Congressional Ukrainian Caucus Co-Chairs, Congressmen Sander Levin (D-MI), Andy Harris (R-MD), Marcy Kaptur (D-OH) and Brian Fitzpatrick (R-PA), introduced on Tuesday, November 7, a resolution commemorating the 85th anniversary of what they called the Holodomor Famine-Genocide and denouncing this crime against humanity.
They said in a statement that the resolution honors the men, women and children who perished at the will of the Kremlin, which, the lawmakers said, “perpetrated a premeditated famine in the winter of 1932-1933 in Ukraine in a concerted effort to break the nation's resistance to communist occupation.”
“We must solemnly remember the millions of Ukrainians who lost their lives in the Holodomor Famine-Genocide and shine a spotlight on the truth. This monument represents our hopes, our shared values, and the humanity that binds us,” they said.
Referring to the Holodomor as a “Famine-Genocide,” the congressmen expressed hope that their resolution would serve as “a reminder of repressive Soviet policies against the people of Ukraine.”
They also noted congressional support for “the continuing efforts of the people of Ukraine to work toward ensuring democratic principles, a free-market economy, and full respect for human rights, in order to enable Ukraine to achieve its potential as an important strategic partner of the United States in that region of the world, and to reflect the will of its people.”
The New Jersey Senate and Assembly also issued a resolution introduced by Senator Tony M. Bucco and Assemblyman Tony R. Bucco and Michael Patrick Carroll recognizing November 2017 as Ukrainian Genocide Remembrance Month.
Most recently, Anne Applebaum gave renewed impetus to the Holodomor awareness campaign. With her book “Red Famine – Stalin’s War on Ukraine” and speaking tour, Applebaum brought the story of the Ukrainian famine to the man and women in the street across the US. Fortunately, the media that covered her presentations noted that Russia’s crime was a genocide, using that designation interchangeably with famine and Holodomor.

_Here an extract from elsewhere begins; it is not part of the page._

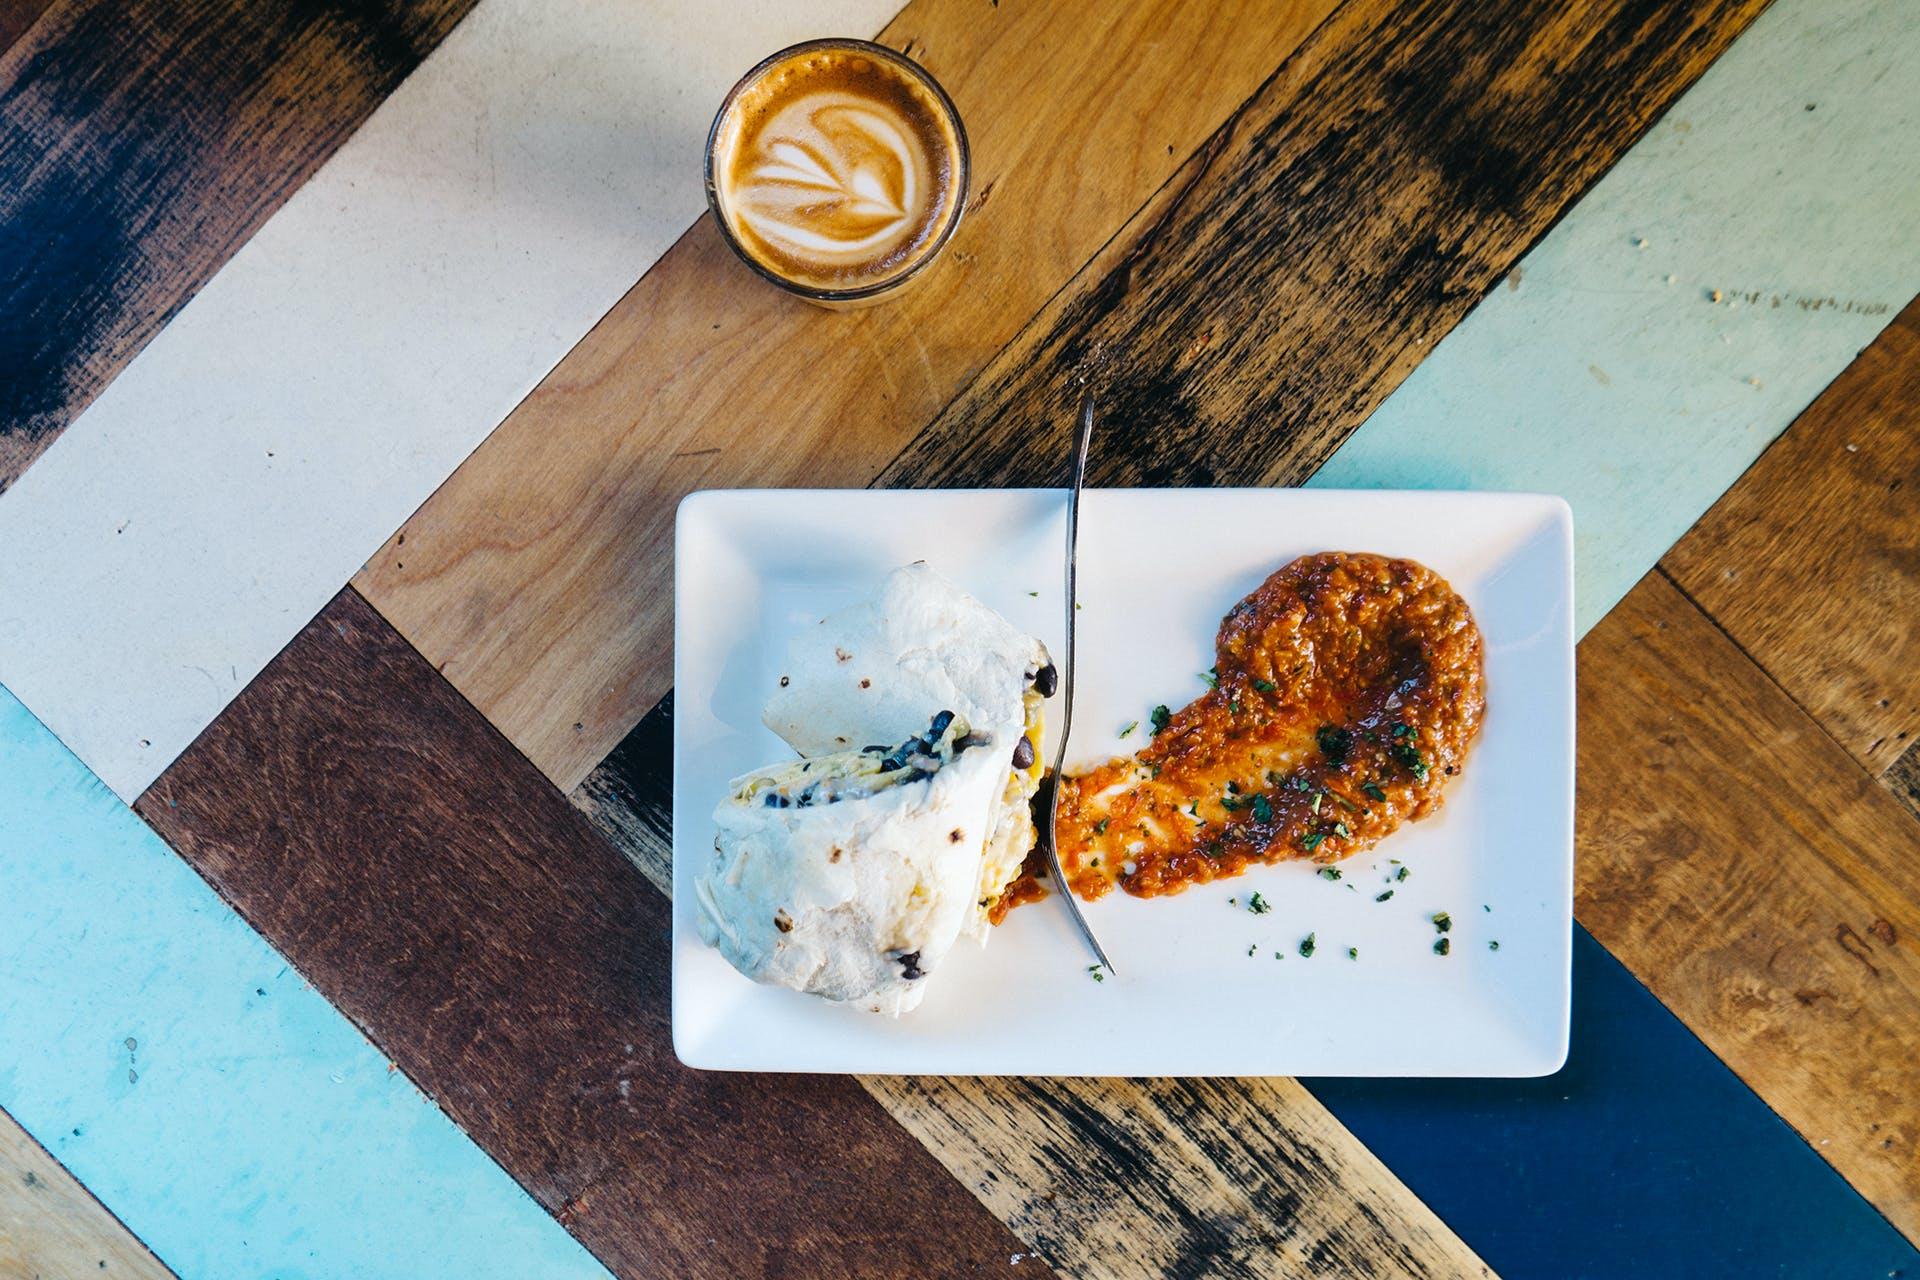 Free stock photo of food, coffee, lunch, burrito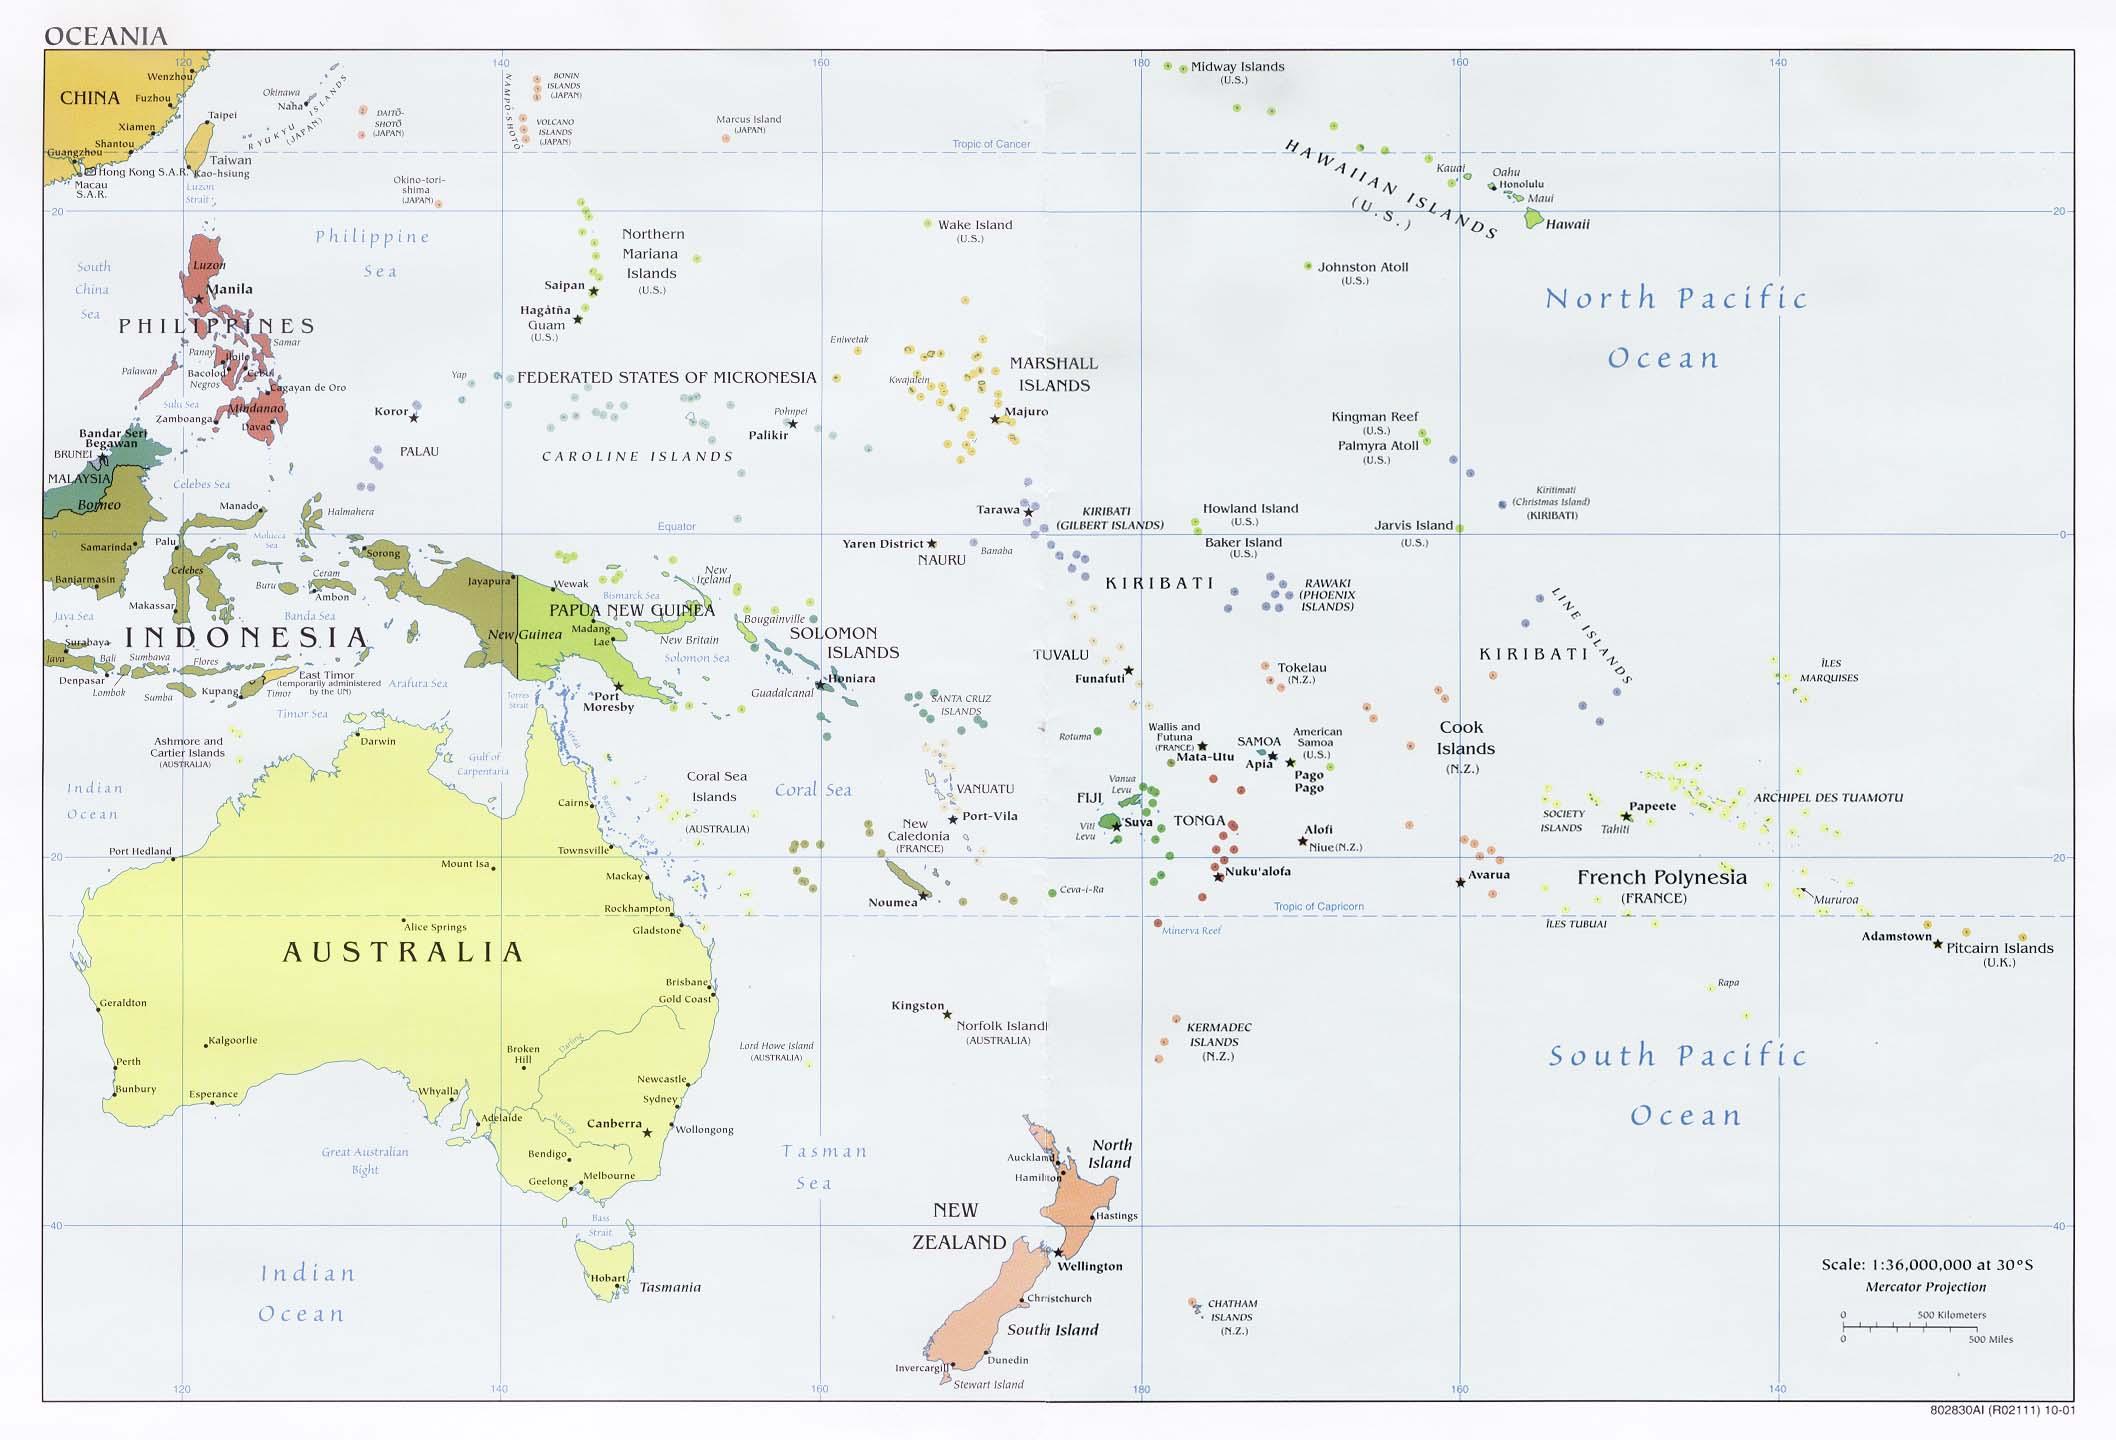 oceania-map-australia-new-zealand.jpg

As Applebaum spoke, she reflected on the long-lasting ramifications of the Holodomor, saying that the genocide continues to shape the thinking of Ukrainians and Russians to this day, and offered examples of how contemporary political problems in Ukraine can be traced directly to both the loss of the patriotic post-revolutionary elite and the men and women who died as a result of the genocide.
Indeed, today Russia behaves toward Ukraine as it has always done. If Ukrainians can’t be cajoled or charmed into submission then they must be annihilated, which is the goal of the Russo-Ukraine War of 2014-17.
In New York City, the Ukrainian American community will hold its annual Holodomor Commemoration at St. Patrick’s Cathedral on Saturday, November 18, at 2 pm. The observance will begin at 11:30 am with a March of Remembrance from St. George Ukrainian Catholic Church, 30 E 7th St in New York City.